2) Safely transfer the controlled substances (and any debris mixed in with them) into containers, and seal the containers.

3) Sealed containers should be given a serial number or item number for tracking purposes.

4) You should document your transfer of these sealed containers to a reverse distributor on an invoice. The invoice should note the number of sealed containers and each container’s serial number. This will act as the record of receipt for the reverse distributor. 21 CFR 1304.21(d).

5) Sealed containers should then be sent to a reverse distributor through a common or contract carrier or picked up by a reverse distributor under their standard operating procedures. 21 CFR 1317.05(a)(2). If a common or contract carrier is used, sealed containers must only be delivered to the reverse distributor’s registered location. 21 CFR 1317.15(b)(2)(i).

6) The reverse distributor will destroy entire sealed containers and document the destruction on a DEA Form 41. 21 CFR 1304.21(e).

7) To account for lost, damaged, or stolen controlled substances (including through looting) that need to be destroyed, you should file a DEA Form 106 (report of Theft or Loss of Controlled Substances) based on pre-riot inventories and other pharmacy records. 21 CFR 1301.76(b). Forms may be accessed through this DEA link. You are required to maintain complete and accurate records. 21 U.S.C. 827(a)(3). EO-DEA210, July 13, 2020, DEA-DC-042

Transfer of Prescriptions

Answer: If you are unable to conduct business, it is recommended that you advise your patients of the following regarding how they may obtain their schedule II prescription medications from another pharmacy.

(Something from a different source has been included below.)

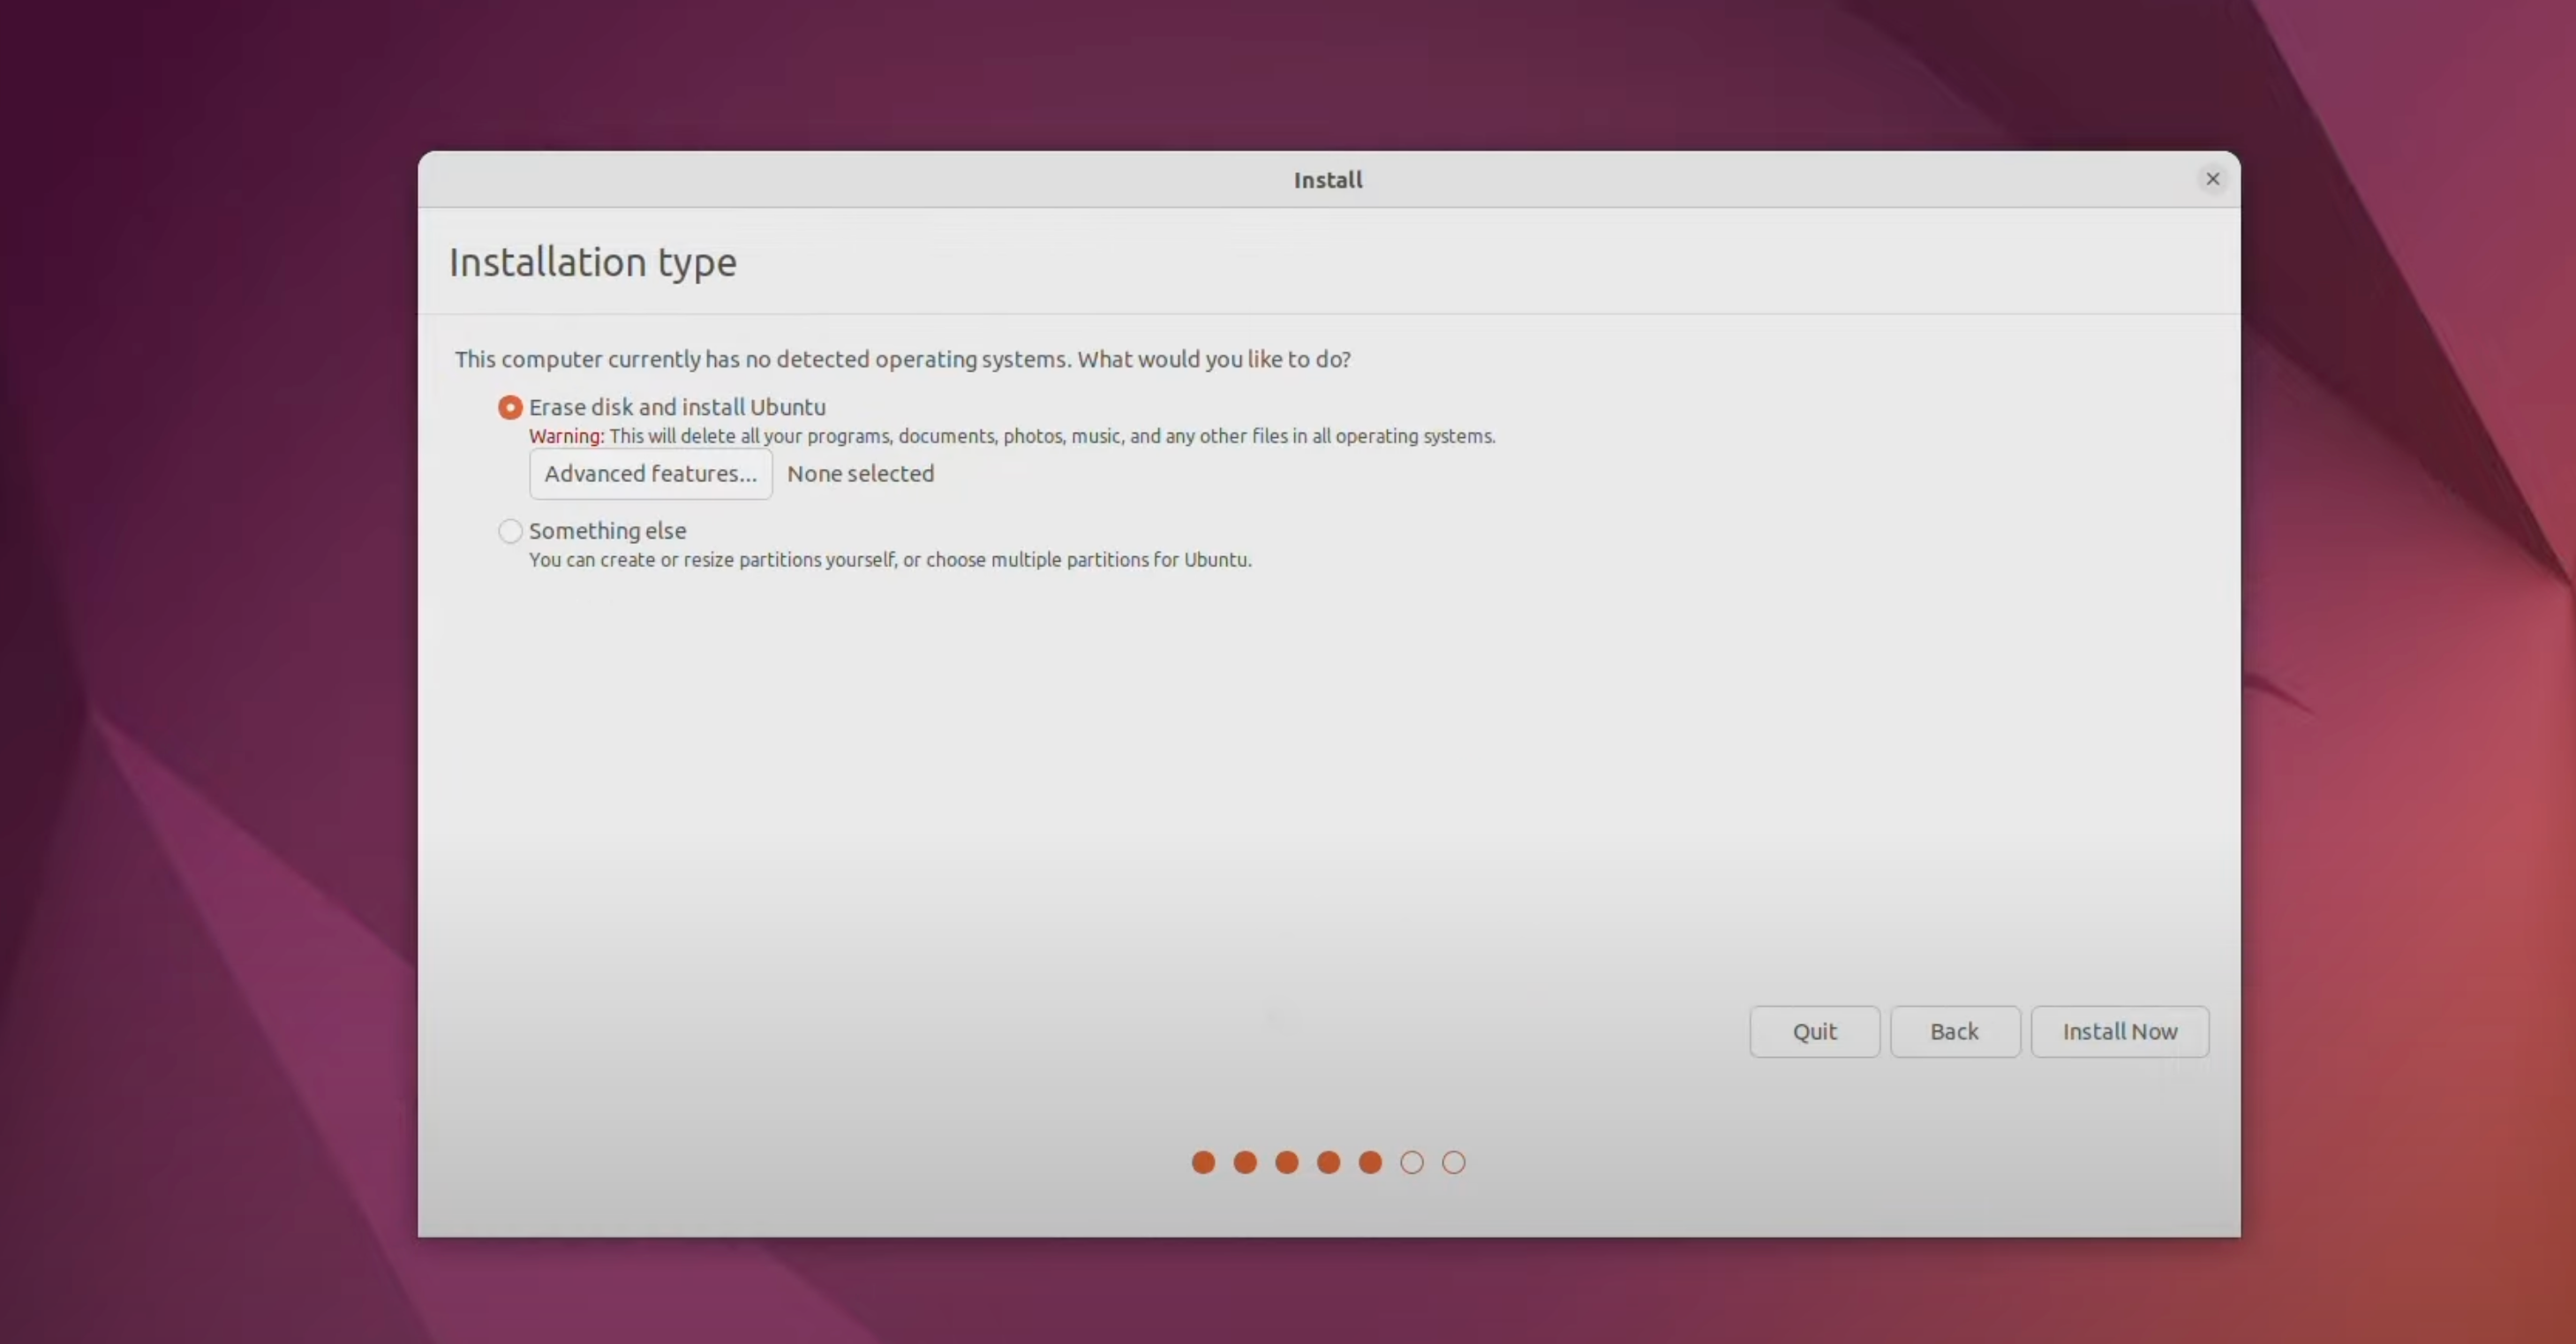 Installation type for Ubuntu

If your patient received a paper prescription that you have not filled, you generally may simply suggest that your patient take that prescription to another pharmacy. Your patients also may contact their doctor to obtain a new paper or electronic prescription for a schedule II controlled substance. The original pharmacy should document on the original schedule II prescription that it is void, the date the prescription was voided, and the reason for voiding the prescription. See 21 CFR 1311.200(h) (requiring a pharmacy that receives an original electronic prescription which it cannot dispense to mark the electronic version as voided or cancelled). In addition, in the case of an emergency situation, a practitioner may issue an emergency oral prescription to a pharmacy subject to certain requirements. 21 CFR 1306.11(d). Please refer to DEA's guidance regarding certain limited exceptions to these emergency oral prescription requirements during the COVID-19 Public Health Emergency on the DEA COVID-19 Information Page.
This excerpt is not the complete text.